А потом, должно быть, мое тело само отключило все органы чувств, потому что я потерял сознание. А подсознание наслало ужасные галлюцинации, где образы Пекаря накладывались на земные образы. Мы мчались в своей машине по скалам Пекаря в сумерках. В ушах у меня звучали голоса, давно умершие люди вели нескончаемые и непонятные разговоры. «Ты видел сеньору Гардосу? — спрашивала моя мать. — Она так растолстела. Какой стыд!» А отец кричал на нее: «Мне все равно! Как мы проживем, если снова подняли налоги?!» Я слушал эту болтовню, словно она столь же незначительна, как жужжание пчелы. В пустынном небе, там, где должны быть опаловые воздушные змеи, повисли какие-то ленты. На горизонте я что-то увидел — что-то бежит в вертикальном положении, как человек. Я попытался разглядеть подробности, и глаза мои превратились в телескопы. Ясно увидел двух «пустынных владычиц», они спотыкались на красных камнях, передние конечности у них вырваны, и из углублений на плечах капает кровь. Я замигал и постарался забыть это зрелище, а они молили: «Анжело, Анжело, вернись и накорми нас!» Я узнал голоса — девочка Татьяна и Тамара. Это они бегут ко мне, у них отрублены руки и груди, и они умоляют: «Анжело!

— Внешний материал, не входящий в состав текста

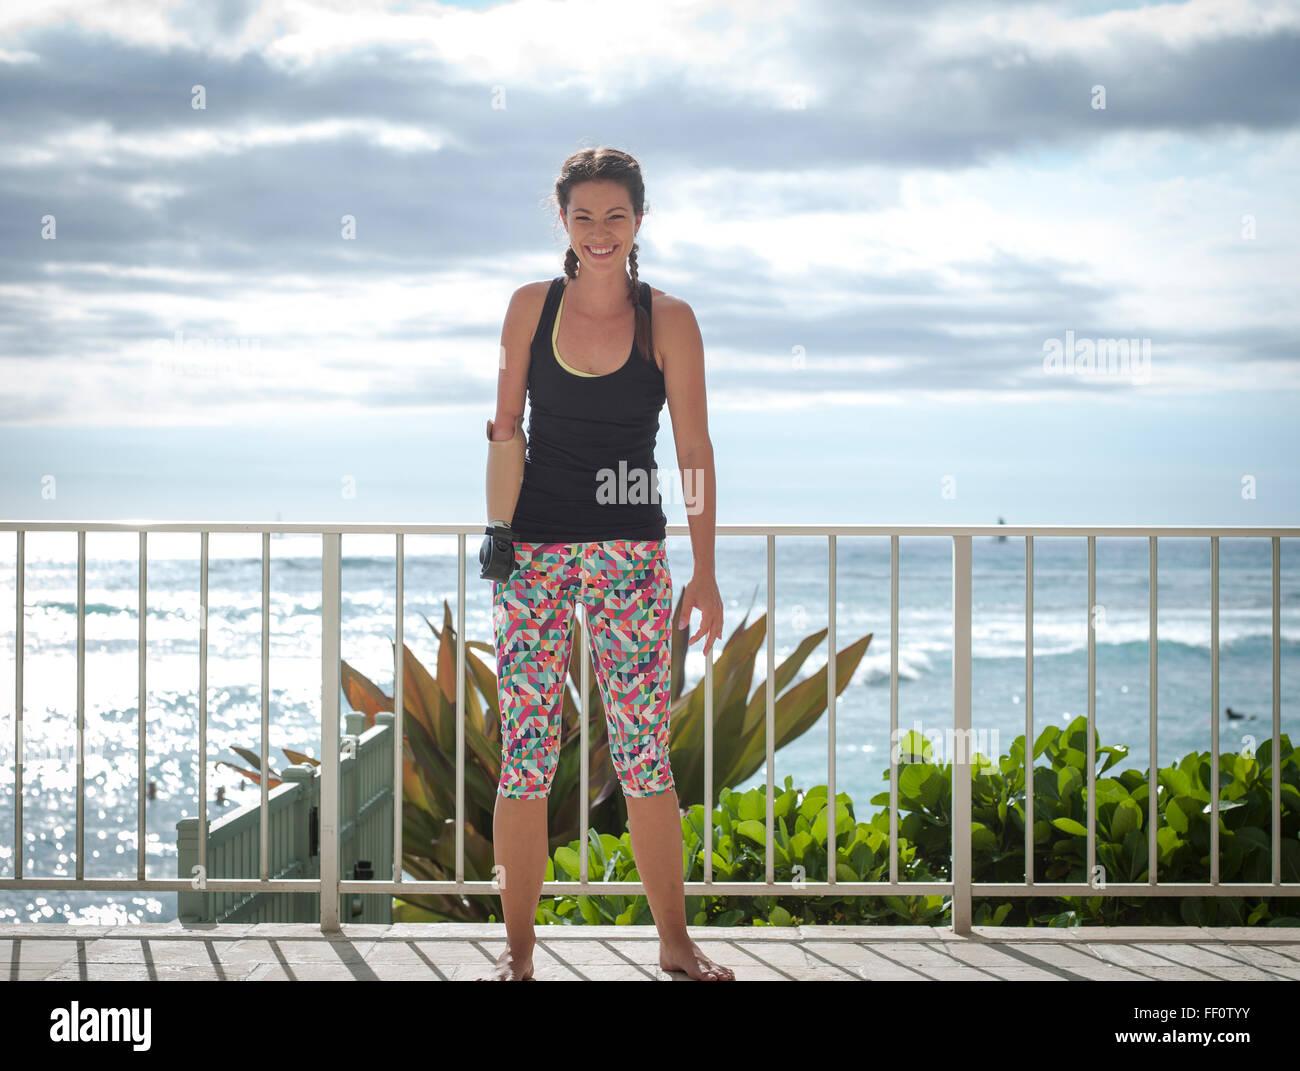 Mixed Race athlète amputé smiling sur balcon Banque D'Images

Анжело!» Я бросился прочь от них, и вокруг все почернело. Спокойным повелительным тоном заговорил Завала. Слышался смех, словно он участвует в вечеринке. Я наклонился вперед, чтобы лучше слышать, но чьи-то руки удержали меня, сжали мне грудь. Я попытался заговорить, но губы запеклись от ветра и солнца. Я понял, что на мне шлем, а разговаривают с помощью микрофонов. Держит меня Завала и что-то шепчет мне на ухо. Завала говорит: «Конечно, при взгляде извне все культуры в равной степени кажутся злыми, но если заглянуть вовнутрь, увидишь, что большинство апельсинов поражены раком. Поэтому у тебя такое зловонное дыхание. Ты слушаешь людей, запрограммированных социальными инженерами. Но я знавал людей, у которых была заменена хромосома 116 в гене 21755394200001, и у них повышенная сопротивляемость к вирусам посещения. Сунь нож такому в живот, ты, везучий cabron,[46] и увидишь, как засияют его глаза». Я всмотрелся в дымку. Завала меня не держит. На меня смотрит крошечными черными глазками в складках жира улыбающаяся пурпурная морда речного дракона.